> Assigned task: Copy out the entries below exactly as they stand, but only from the line containing "CONSTANS MINTED IN" through the line containing "essay on corruption".

> Records:
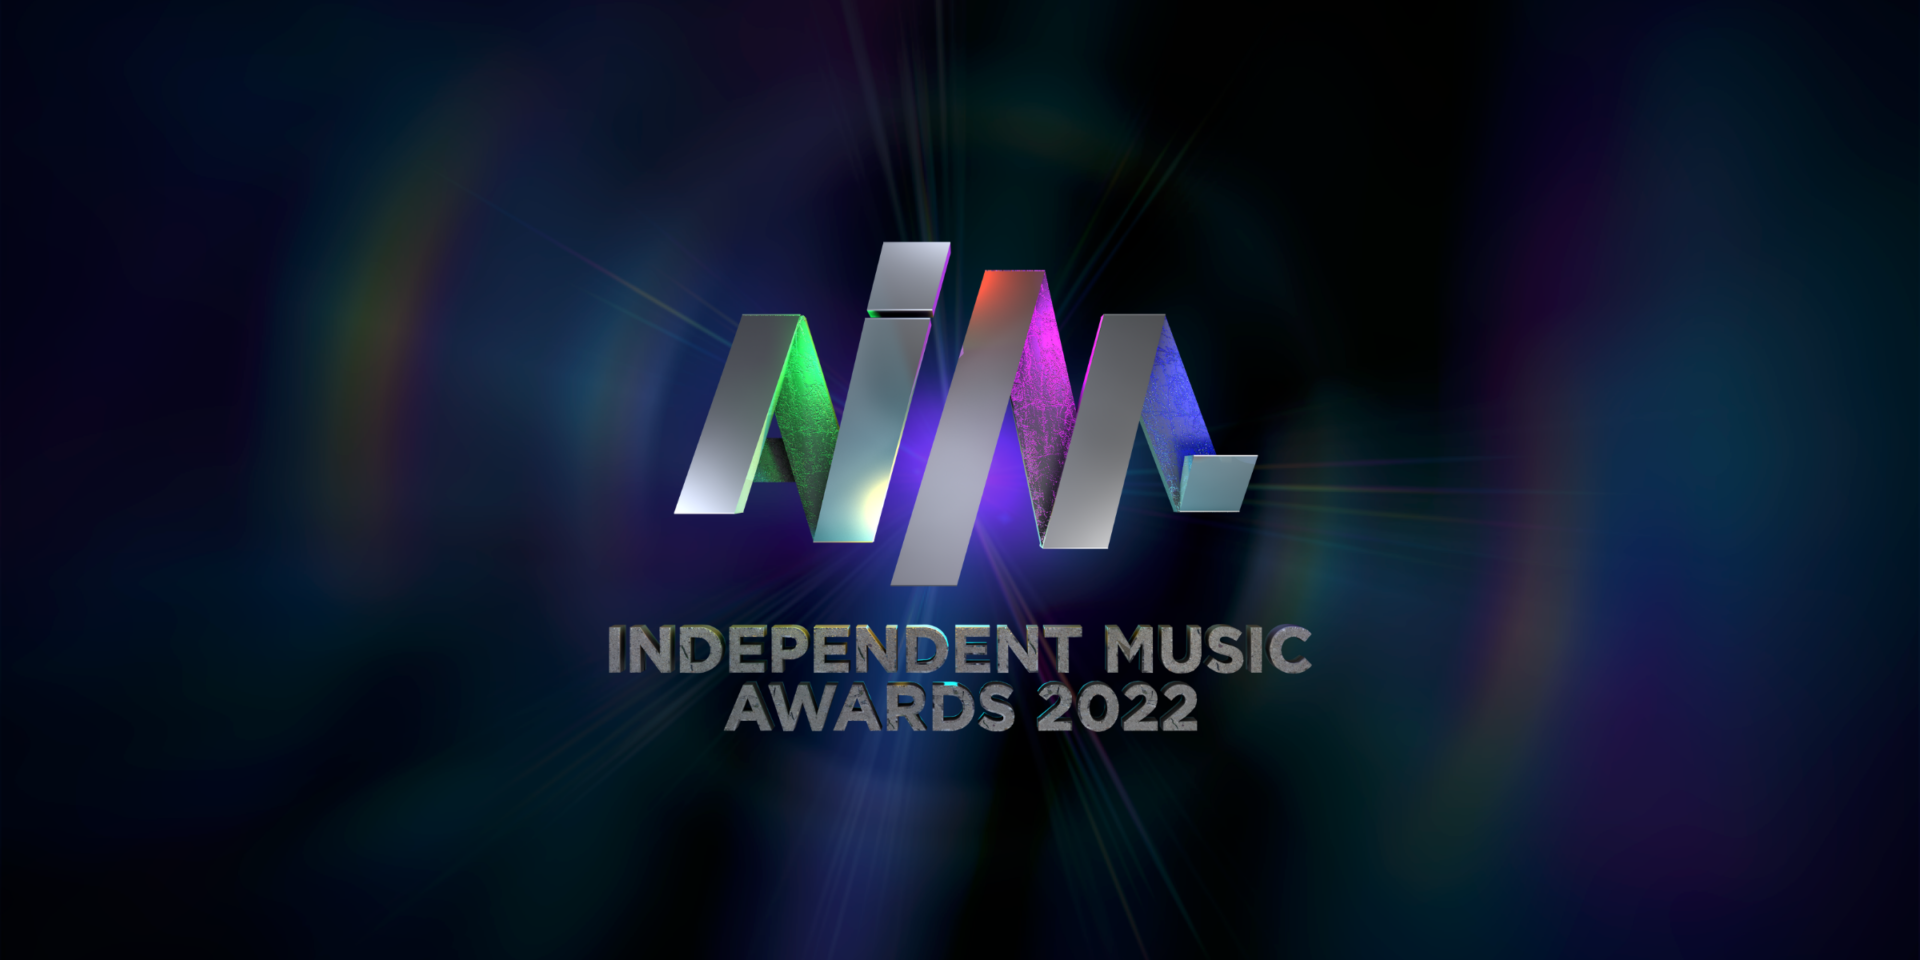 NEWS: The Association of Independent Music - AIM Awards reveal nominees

==

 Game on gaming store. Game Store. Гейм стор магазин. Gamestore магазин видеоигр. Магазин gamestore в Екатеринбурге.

==

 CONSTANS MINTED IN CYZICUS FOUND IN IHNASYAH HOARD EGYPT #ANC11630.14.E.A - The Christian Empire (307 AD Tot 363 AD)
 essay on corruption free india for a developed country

> Response:
 CONSTANS MINTED IN CYZICUS FOUND IN IHNASYAH HOARD EGYPT #ANC11630.14.E.A - The Christian Empire (307 AD Tot 363 AD)
 essay on corruption free india for a developed country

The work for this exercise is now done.